Изменить размер шрифта - +

– А то, что ты сказал о Бетховене, это, конечно, интересно!

«Как много я стал говорить о музыке! – подумал Шопен. – Плохо дело!»

 

Глава седьмая

 

Шопен жил в Париже замкнуто. Играть ему было трудно, люди были утомительны, и только немногих он мог переносить. Он заполнял свои часы тем, что писал родным обо всем, даже о пустяках, – он чувствовал себя ближе к ним, когда на листе бумаги поверял им свои мысли. Не все, конечно. Не все. То горнило, которое и в жизни и в творчестве было его прибежищем от всего неясного, неправильного и несправедливого, еще оставалось в его распоряжении; он не позволял себе огорчать родных, за исключением тех редких случаев, когда он сам не замечал этого; не обманывал, но писал о том, что могло поддержать его собственную жизнь: о весне, о красивом Париже, о надеждах на свидание – кто знает, может быть, и близкое. У них, думал он, может укрепиться впечатление, что ему совсем не так плохо.

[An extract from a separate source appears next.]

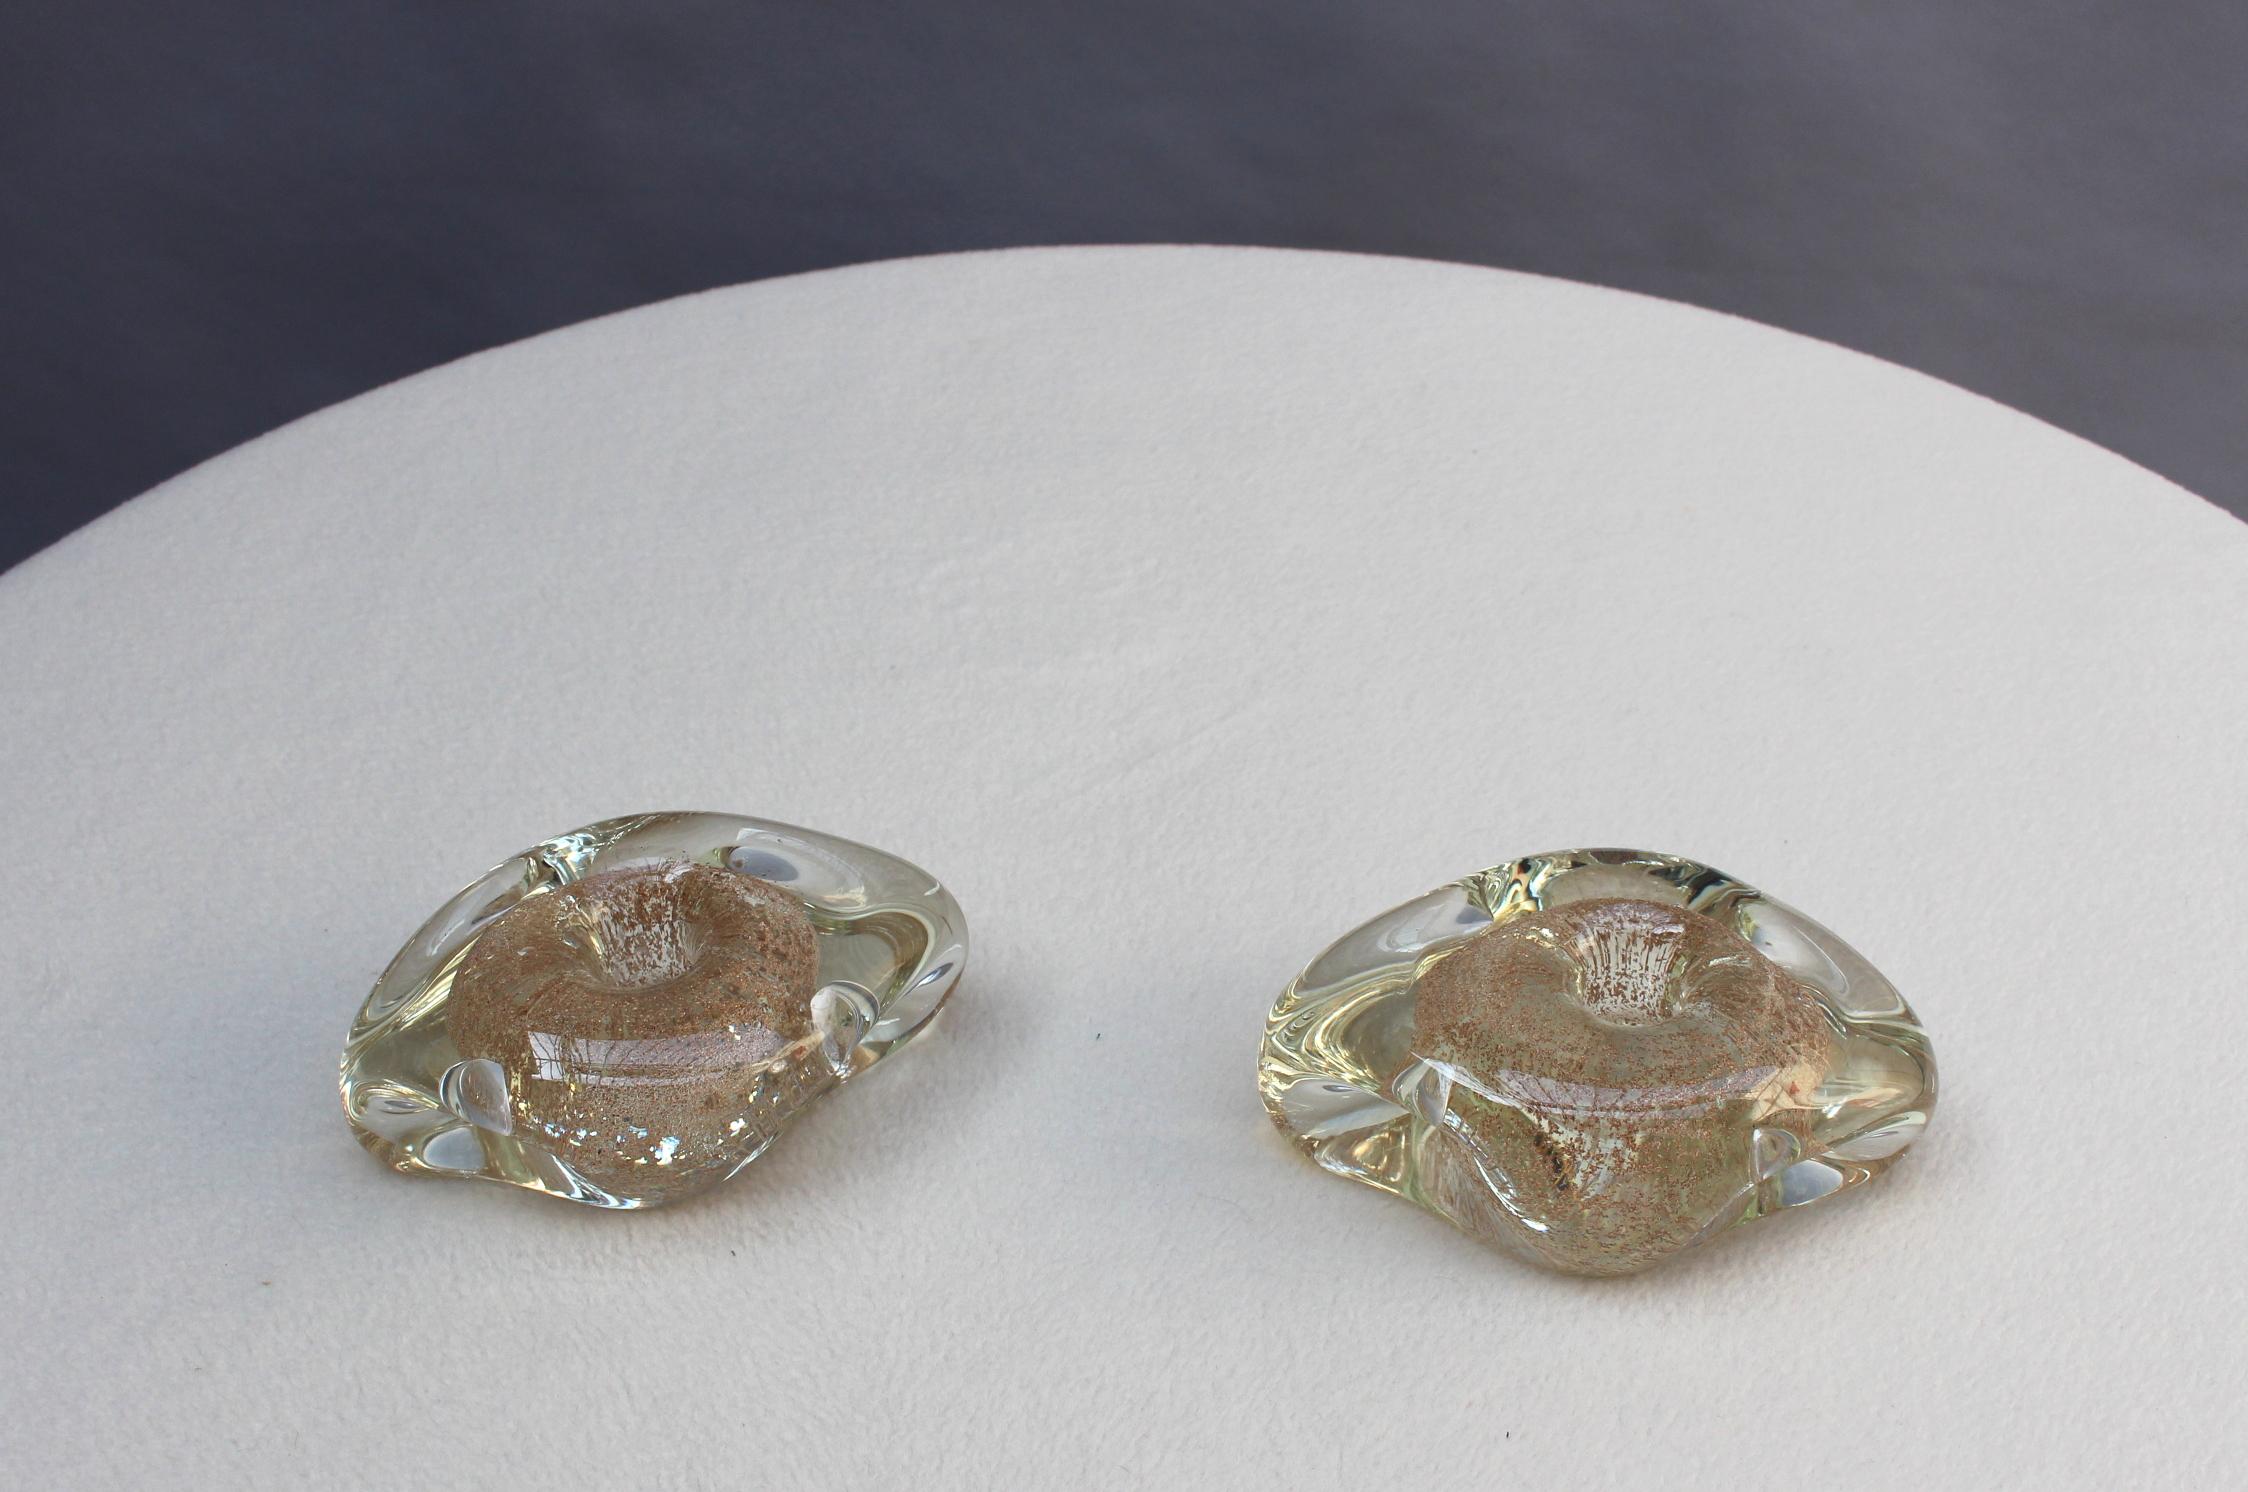 Two Handblown Glass Candlestick Holders by Andre Thuret (sold as a pair)   For Sale 5

Другая его отрада была в общении с Делакруа, который часто приходил к нему. Если бы не боязнь утомить больного, художник проводил бы у него долгие часы. Он не встречал людей, подобных Шопену, и говорил, что приходит к нему учиться.

С Делакруа можно было говорить обо всем, даже об Авроре. Шопен показал ему письмо, написанное ею накануне окончательного разрыва. Делакруа читал его, потрясенный. Аврора дала волю своему негодованию, она была в бешенстве оттого, что Шопен предал ее, стал на сторону ее дочери, ее злейшего врага. Она не выбирала выражений, была груба, криклива. Делакруа так и видел перед собой искаженное лицо, покрытое красными пятнами.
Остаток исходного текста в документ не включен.